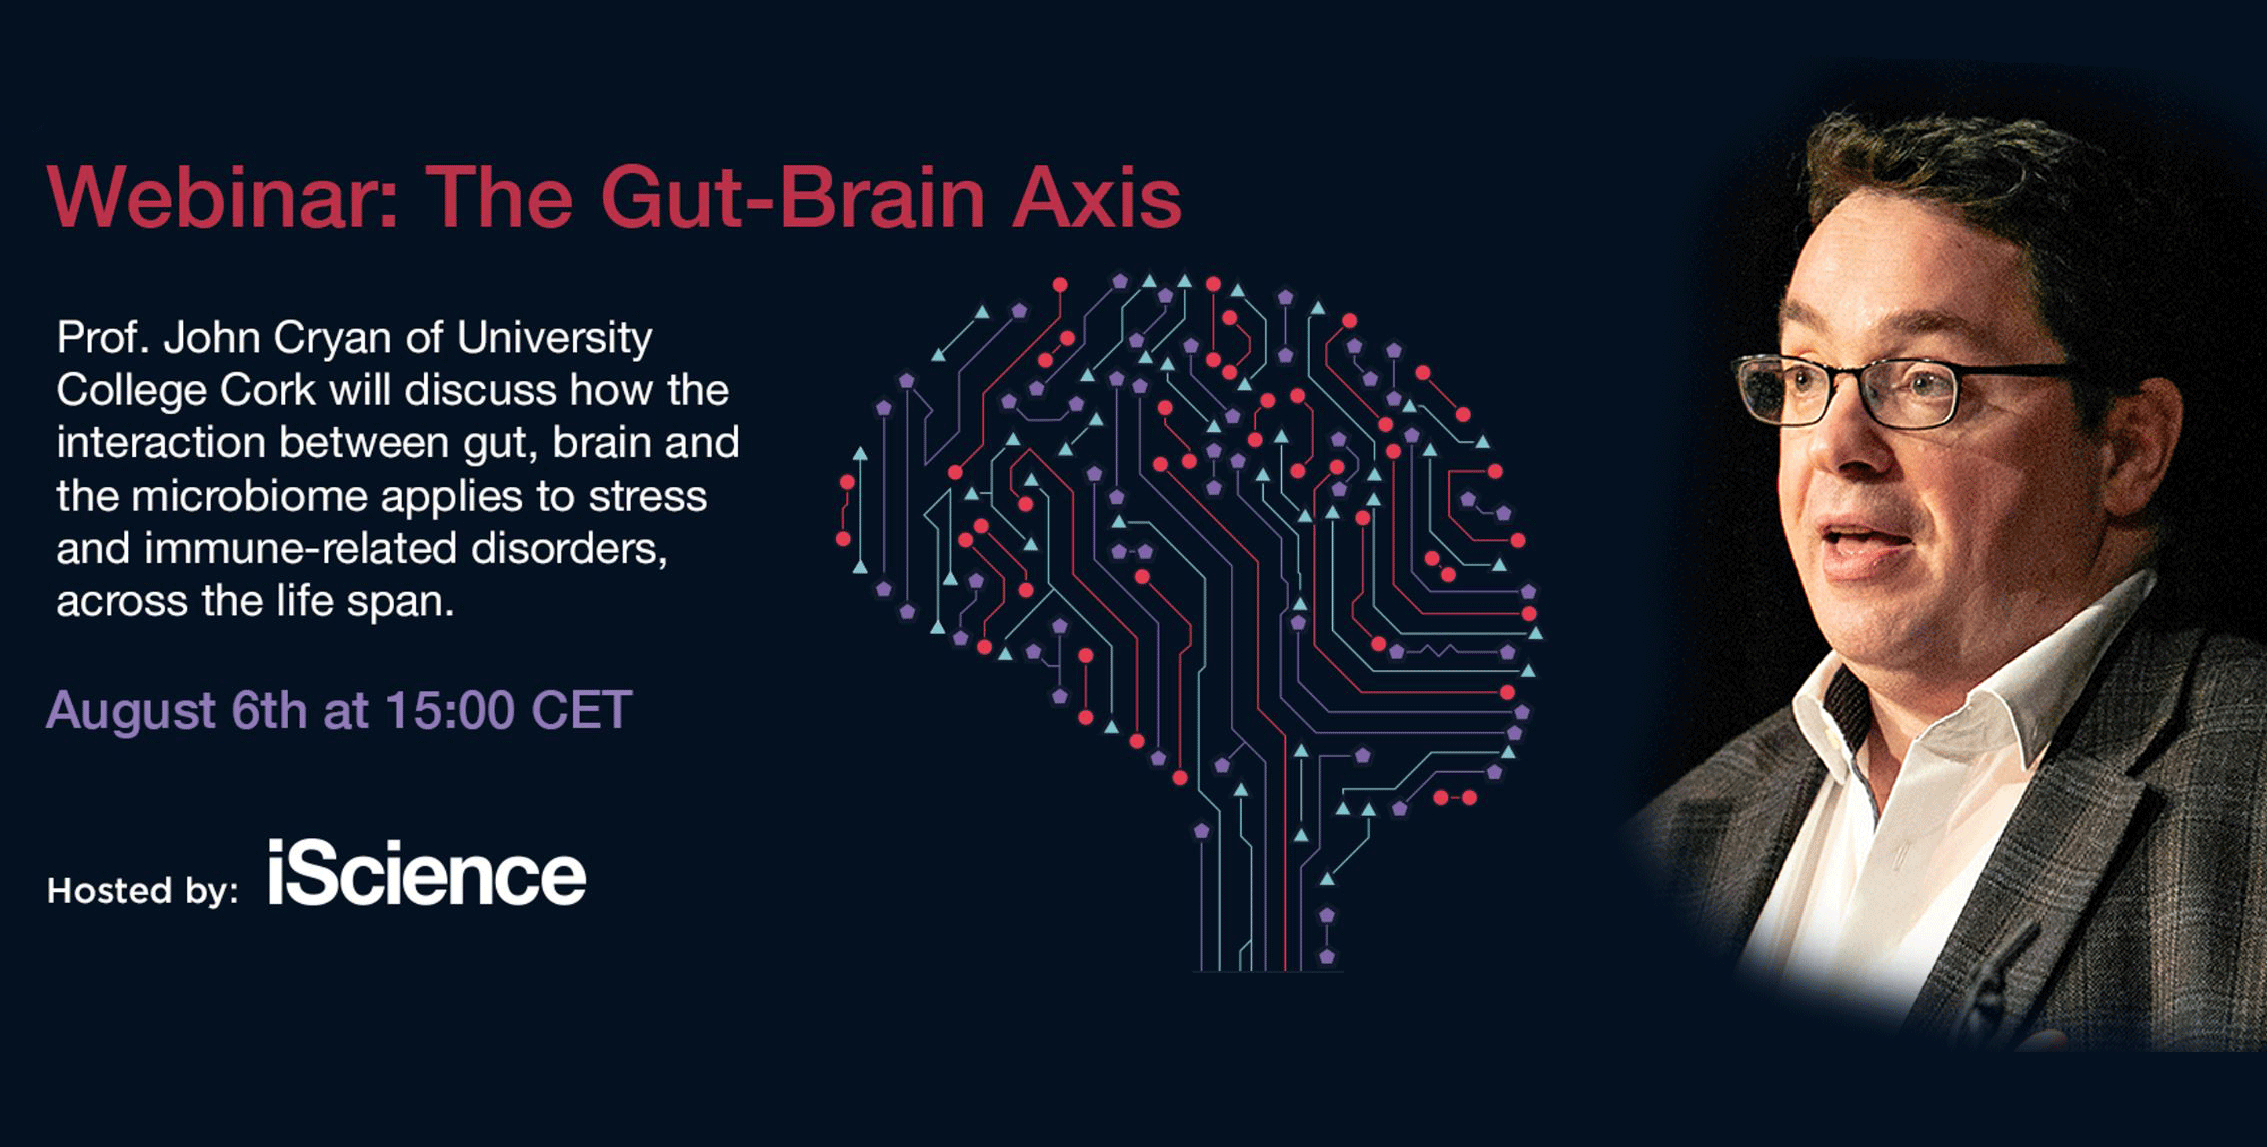  Cell Press Webinar: With Prof Cryan 'The Gut Brain Axis'. August 6th 2020 at 15:00 CET
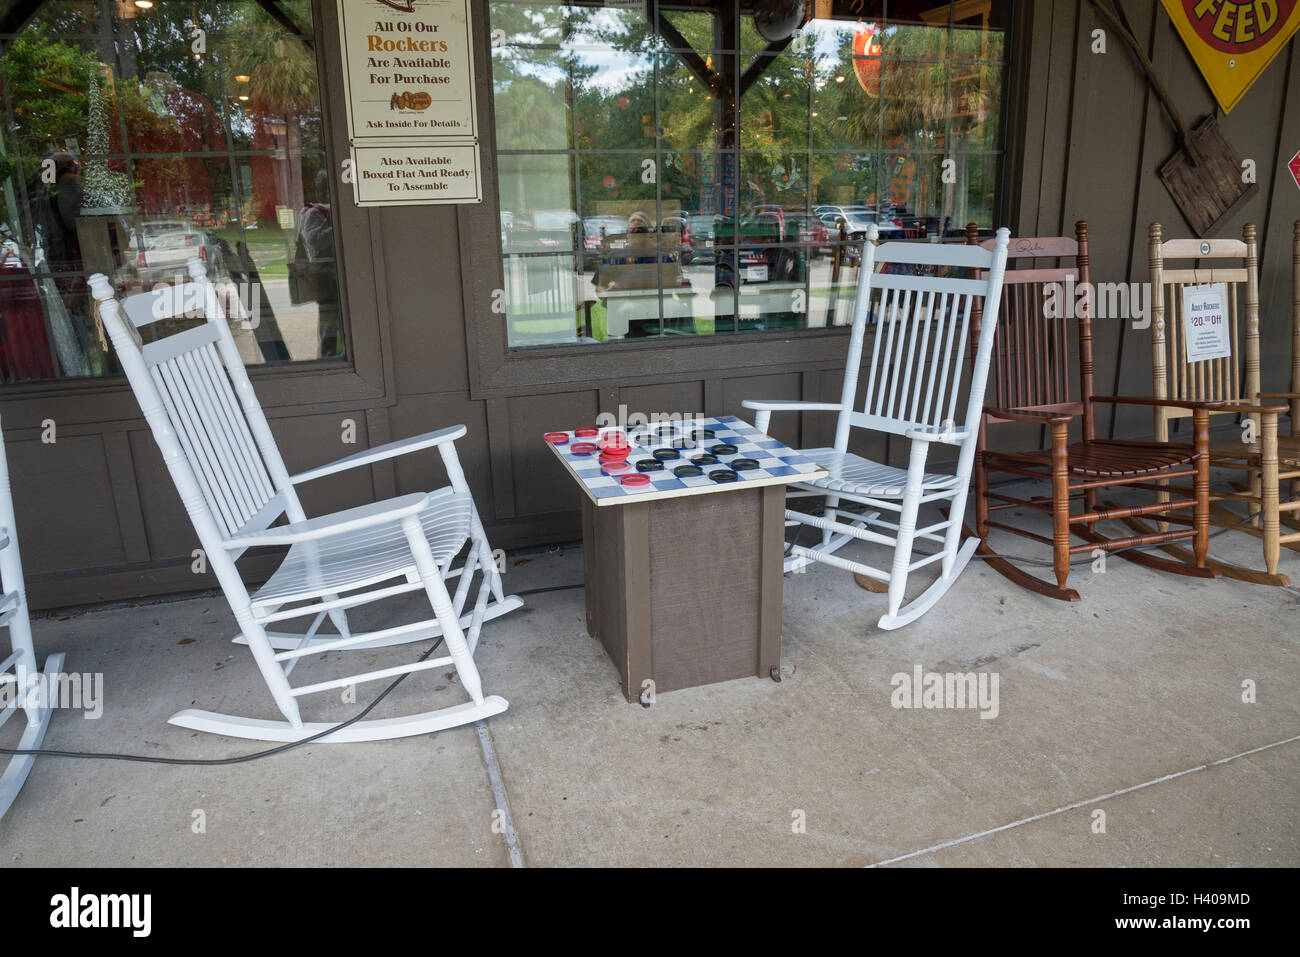 Giant checker set with rocking chairs in front of a Cracker Barrel restaurant. Stock Photo
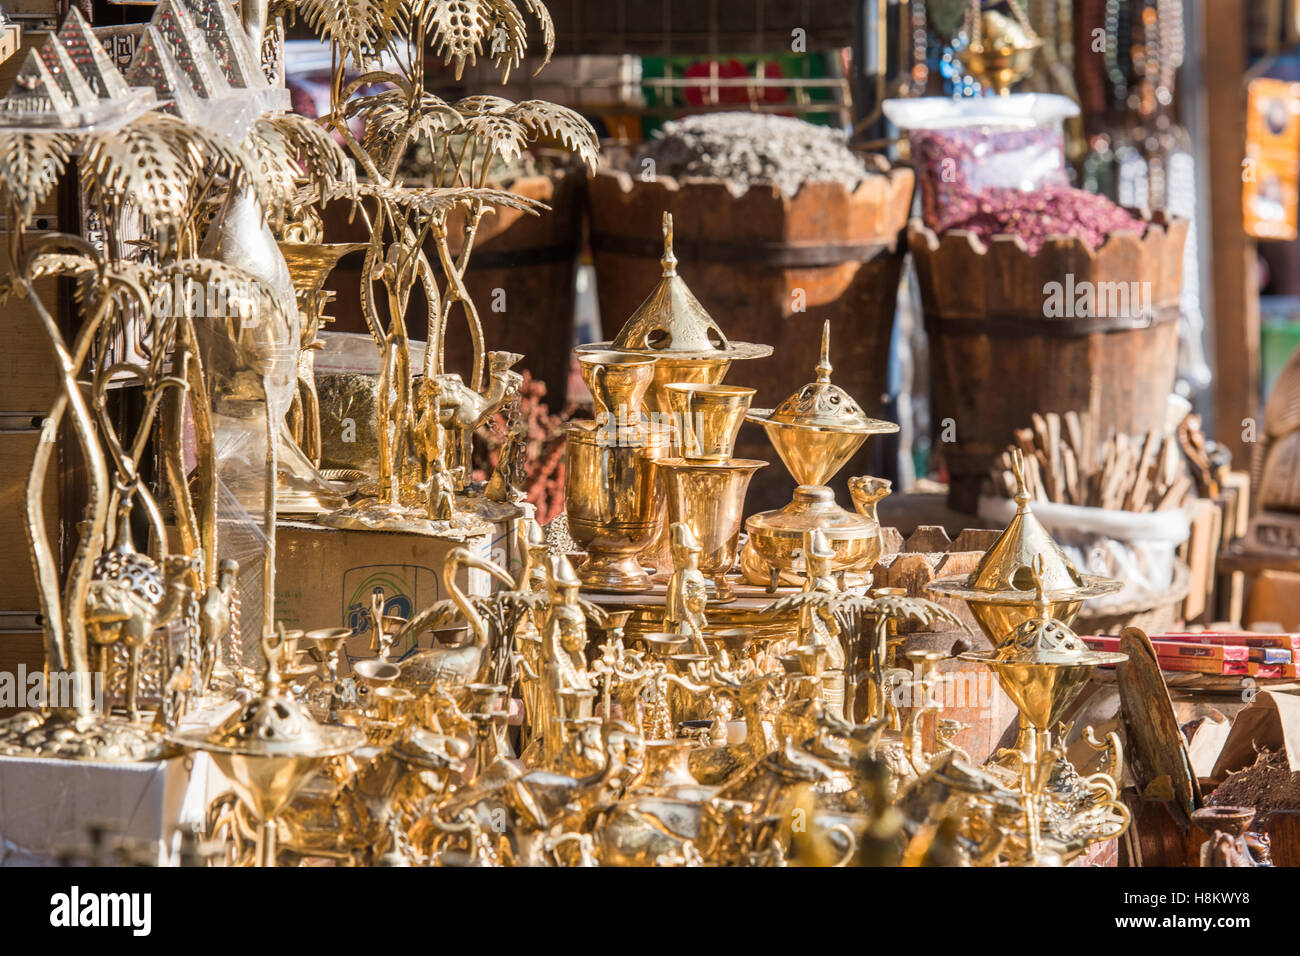 Cairo, Egypt. Close up of gold statues and replicas of buildings for sale in the outdoor bazaar/ flea market Khan el-Khalili in Stock Photo
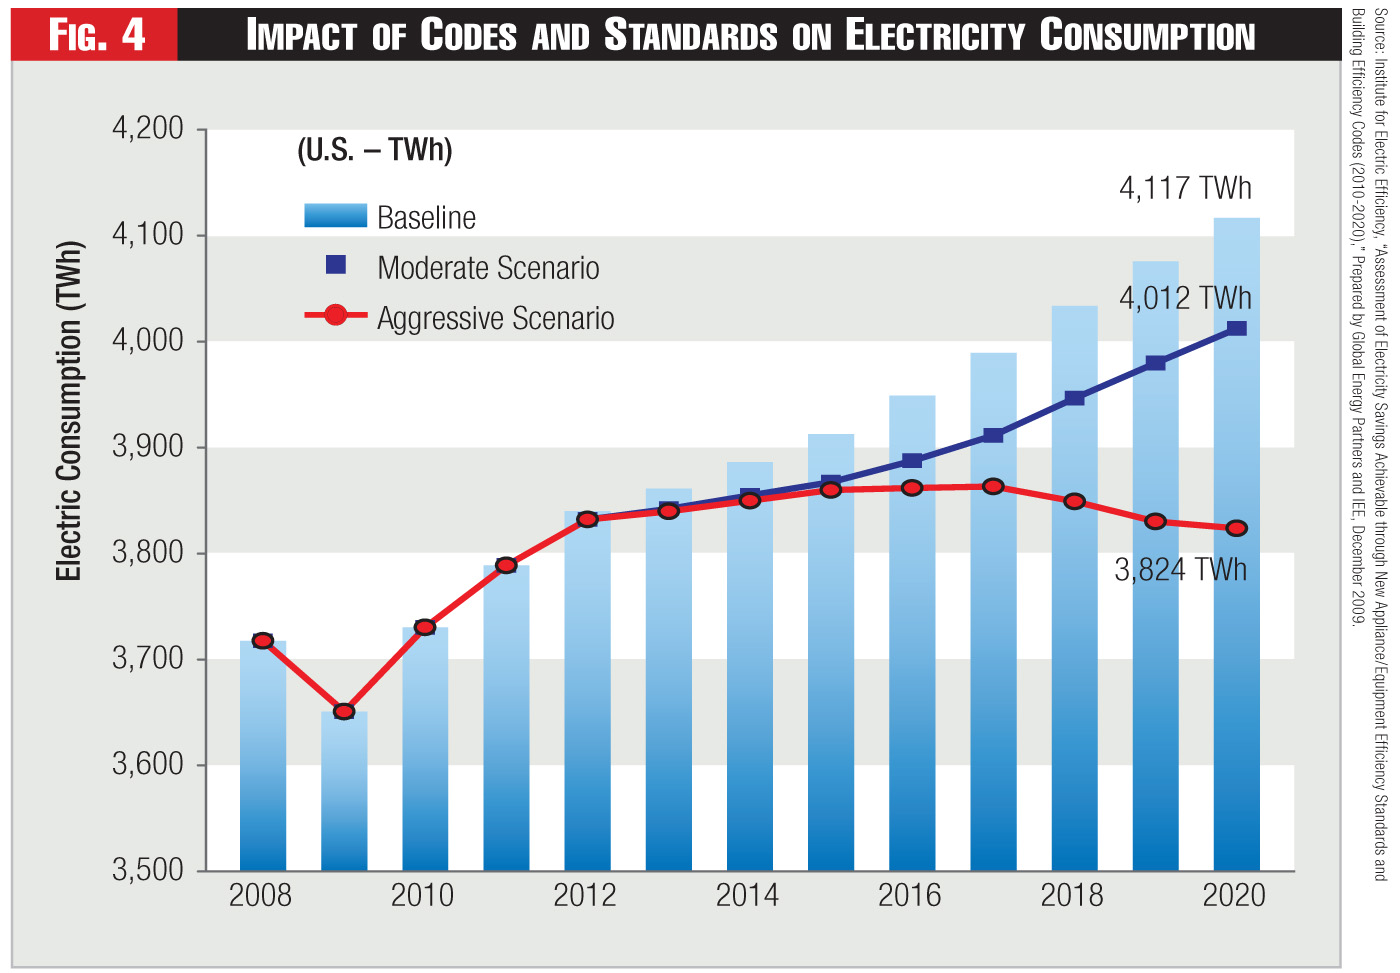 Figure 4 - Impact of Codes and Standards on Electricity Consumption

===

■ About this task
Everything from the line with "Giant checker set" through the last line above must be repeated exactly, except the pictures.

■ Your response
 Giant checker set with rocking chairs in front of a Cracker Barrel restaurant. Stock Photo
 Cairo, Egypt. Close up of gold statues and replicas of buildings for sale in the outdoor bazaar/ flea market Khan el-Khalili in Stock Photo
 Figure 4 - Impact of Codes and Standards on Electricity Consumption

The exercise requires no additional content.